Again, Woolley states: "In another Maya-Cakchiquel document, Annals of the Xahils, the Chay Abah, we learn that the “obsidian stone,” speaks and tells them to go across the sea where they will find their hills and plains, their riches and their government. The translator says that the real meaning of “obsidian stone” is “stone that speaks” or “oracle stone.” He calls the Chay Abah “obsidian stone” because the Quiche-Maya mistakenly called it that, and he decided to use “obsidian stone” to avoid confusion. This same account of Annals of the Xahils, the Chay Abah, it tells that their ancestor was referred to by the others as “our younger brother” (Miguel Angel Asturias and J. M. Gonzalez de Mendoza (translators) “Anales De Los Xahil de Los Indios Cakchiqueles,” The National Press, Guatemala City, 1937, p12). 
    “Then we arrived at the border of the sea. All the warriors of the tribes met together at the border of the sea. Then the hearts of many were consumed in anguish. We can’t cross, and isn’t it said that we have to cross the sea, said all the warriors of the seven tribes.

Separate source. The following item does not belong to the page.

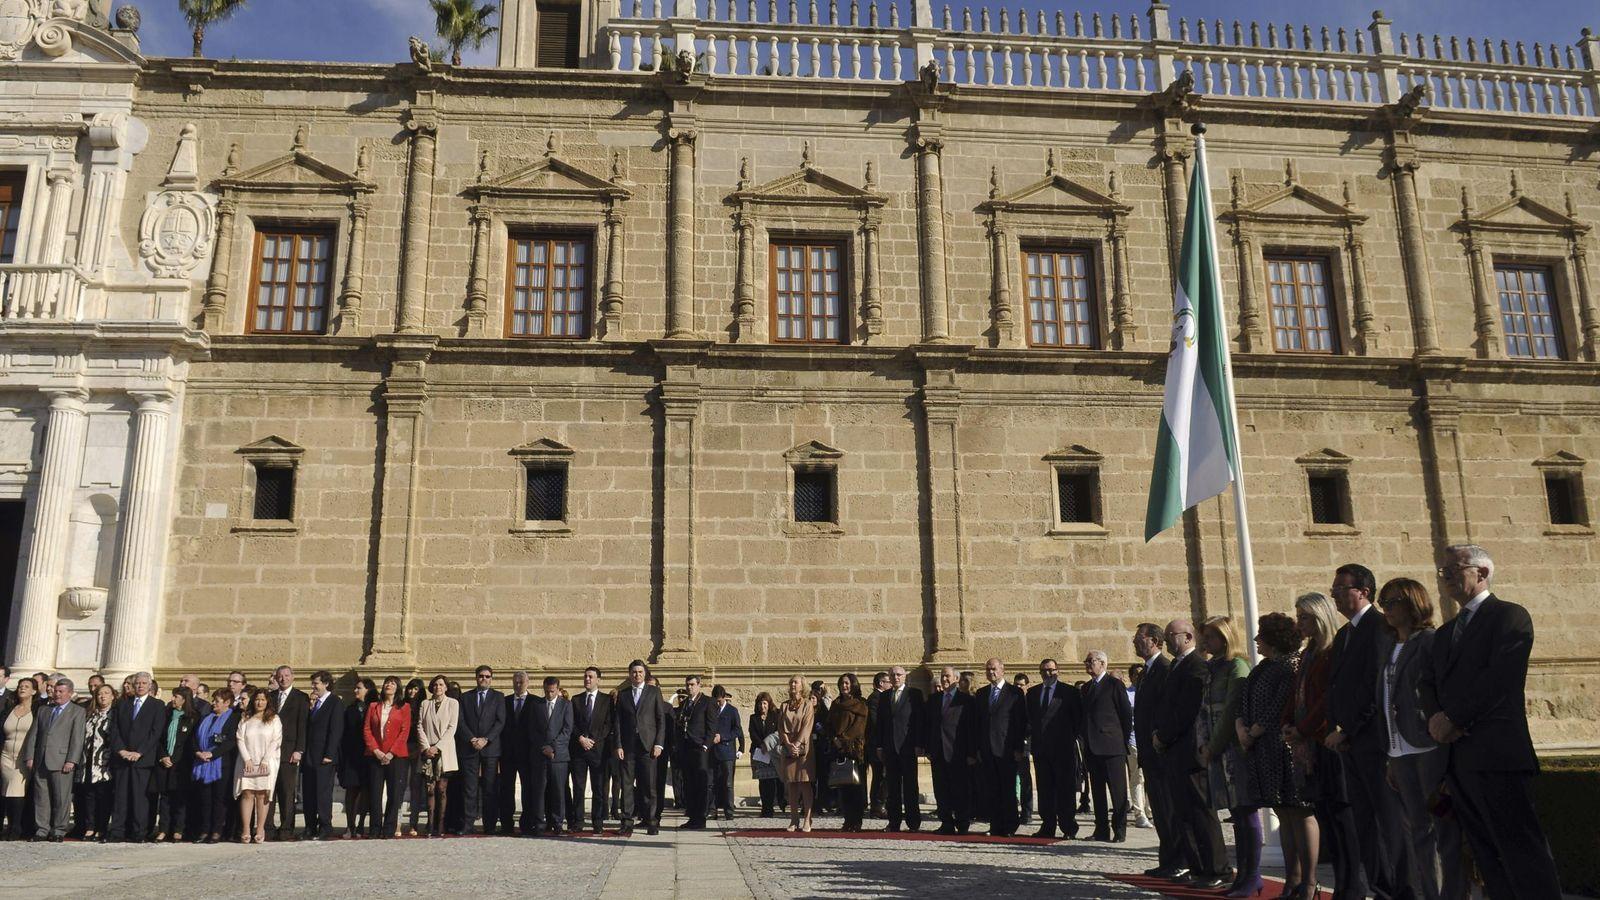 Calendario 2020 Con Festivos Andalucia.Calendario Laboral 2020 En Andalucia El 28 De Febrero

    ‘Who will tell us how to cross the sea? Oh, our younger brother, you are our hope,’ they all said. We told them, “Go, oh, our older brothers. Yes, how are we going to cross this?” We all said. Then they all said, “have pity on us, oh our younger brother because we are spread along the seashore and can’t see [the promised] hills and plains. As soon as we went to sleep, we were defeated, we the two firstborn sons, we the hill tops, we the heads, we the first warriors of the seven tribes, oh my younger brother...don’t kill us.”
    According to Maya scholars, it is a traditional belief that the Maya descended from seven tribes or lineages, as is found in the Book of Mormon, which also describes seven tribes or lineages descending from Lehi. Ross Christensen explained  that there were not just two groups descended from Lehi, but seven in an article in the New Era in 1975. “These lineages are listed in three different places in the Nephite record and they are always given in precisely the same order. They appear a fourth time in the Doctrine and Covenants.”
These seven lineages are: Nephites, Jacobites, Josephites and Zoramites, known collectively as Nephites; and Lamanites, Lemuelites and Ishmaelites, known collectively as Lamanites. These are found in Jacob 1:13 (about 543 B.C.), 4 Nephi 36-38 (231 A.D.), Mormon 1:8 (323 A.D.), and in D&C 3:16-18 (1828 A.D.)